The United States is standing by the NATO communique released Tuesday and its language around Ukraine joining the alliance, despite criticism from Ukrainian President Volodymyr Zelenskyy over the lack of a timeline to do so.

"The United States clearly joined with NATO allies in agreeing to a strong positive message reaffirming that Ukraine will become a member of the alliance," U.S. National Security Council Senior Director for Europe Amanda Sloat said during a press briefing in Lithuania's capital on Wednesday morning, on the final day of a high-stakes NATO summit. "And as the communique has made clear, as the president has spoken to directly in the past, we recognize that Ukraine has already made significant progress in terms of reforms. That was part of what led to allies making the decision to say that the Membership Action Plan was no longer required for Ukraine."
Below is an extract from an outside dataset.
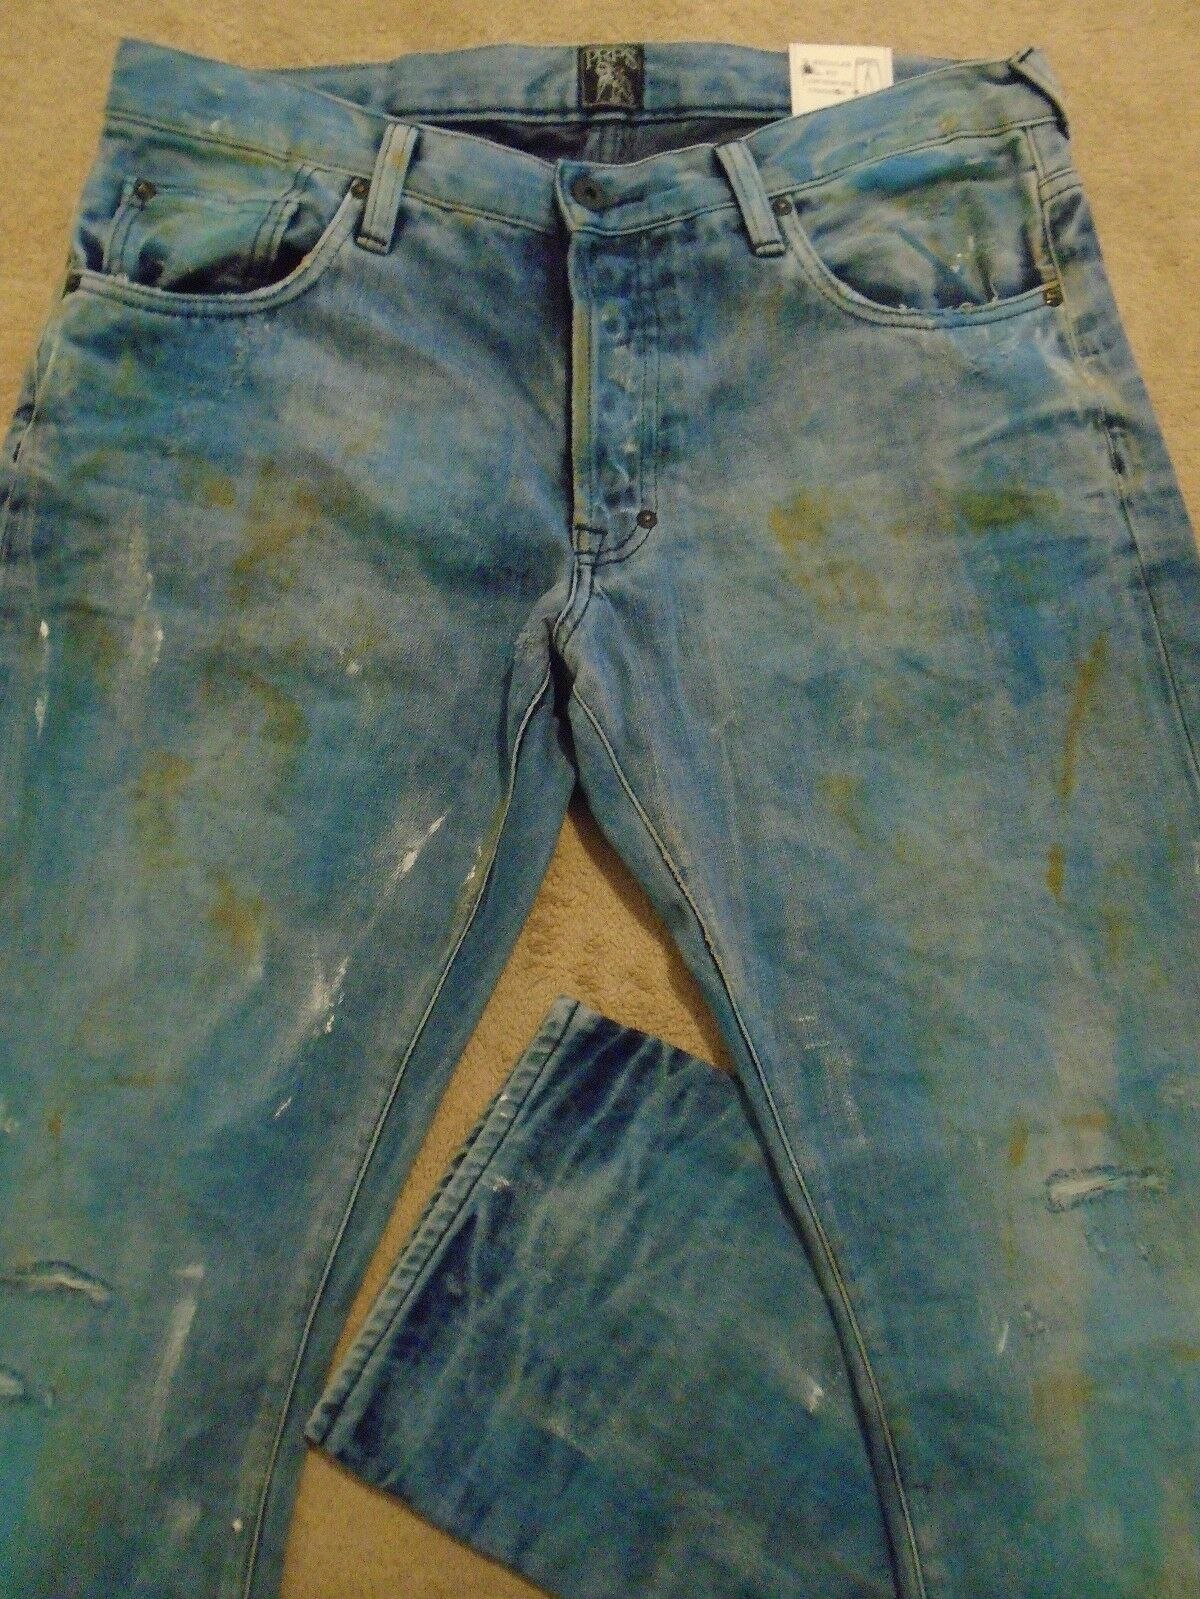 Джинсы грязного цвета. Barracuda джинсы. Грязные джинсы. Рваные грязные джинсы. Старые грязные джинсы.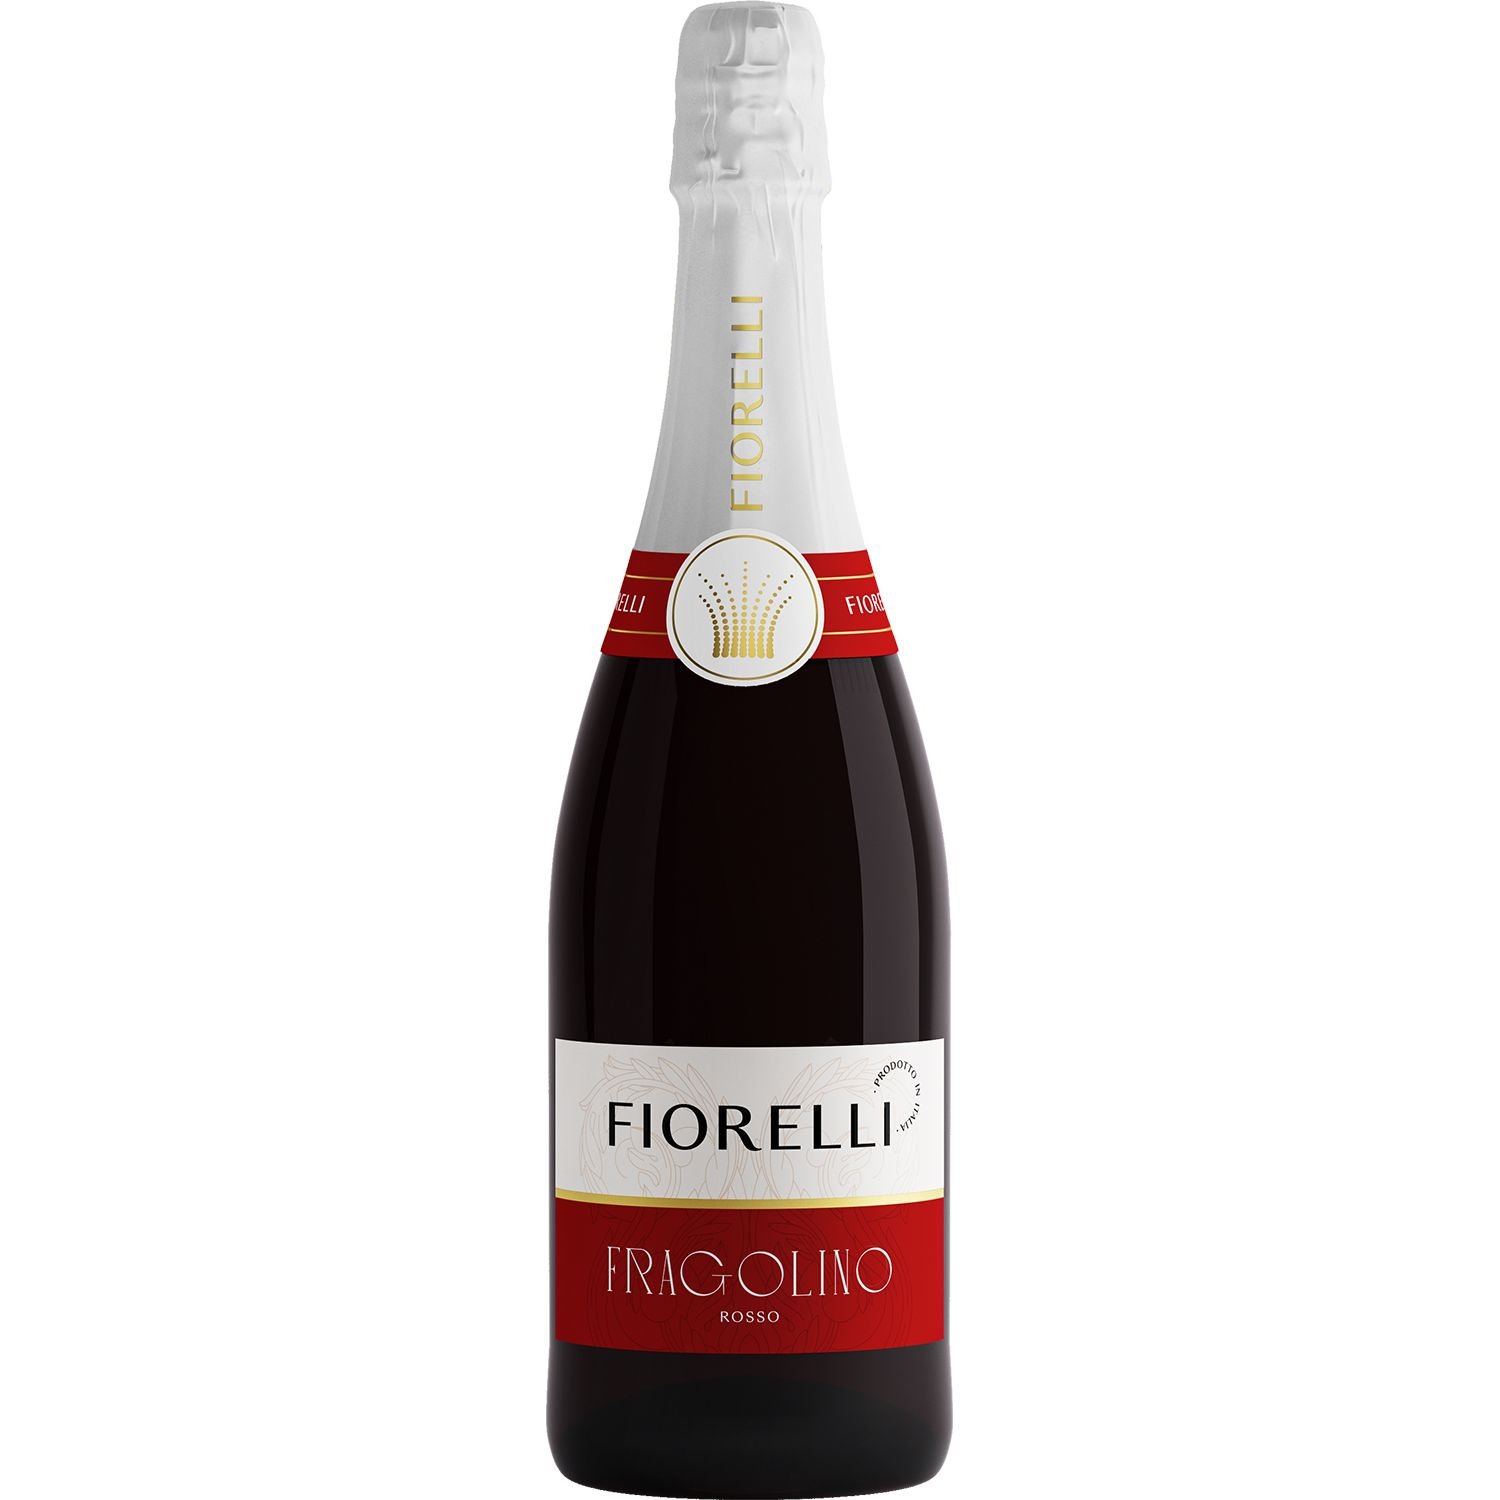 Напиток игристый Fiorelli Фраголино Россо, клубничный, сладкий, 7%, 0,75 л (716189) - фото 1

"But as both the president has said and as the communique made clear, there is still the need for Ukraine to take further democratic and security sector reforms," she added.

Sloat told reporters that the U.S. has been and would continue to work with Ukraine both bilaterally and through the NATO alliance to ensure that the reforms required to join the alliance are met.

When asked to respond to Zelenskyy's criticism that the lack of a timeline was "unprecedented and absurd," Sloat defended the agreement as a significant one.

"I would agree that the communique is unprecedented, but I see that in a positive way. We joined with allies yesterday in agreeing to a very strong, positive message. We reaffirmed that Ukraine will become a member of the NATO alliance," she said, arguing that removing the Membership Action Plan requirement for Ukraine was a "very significant" step on NATO's part.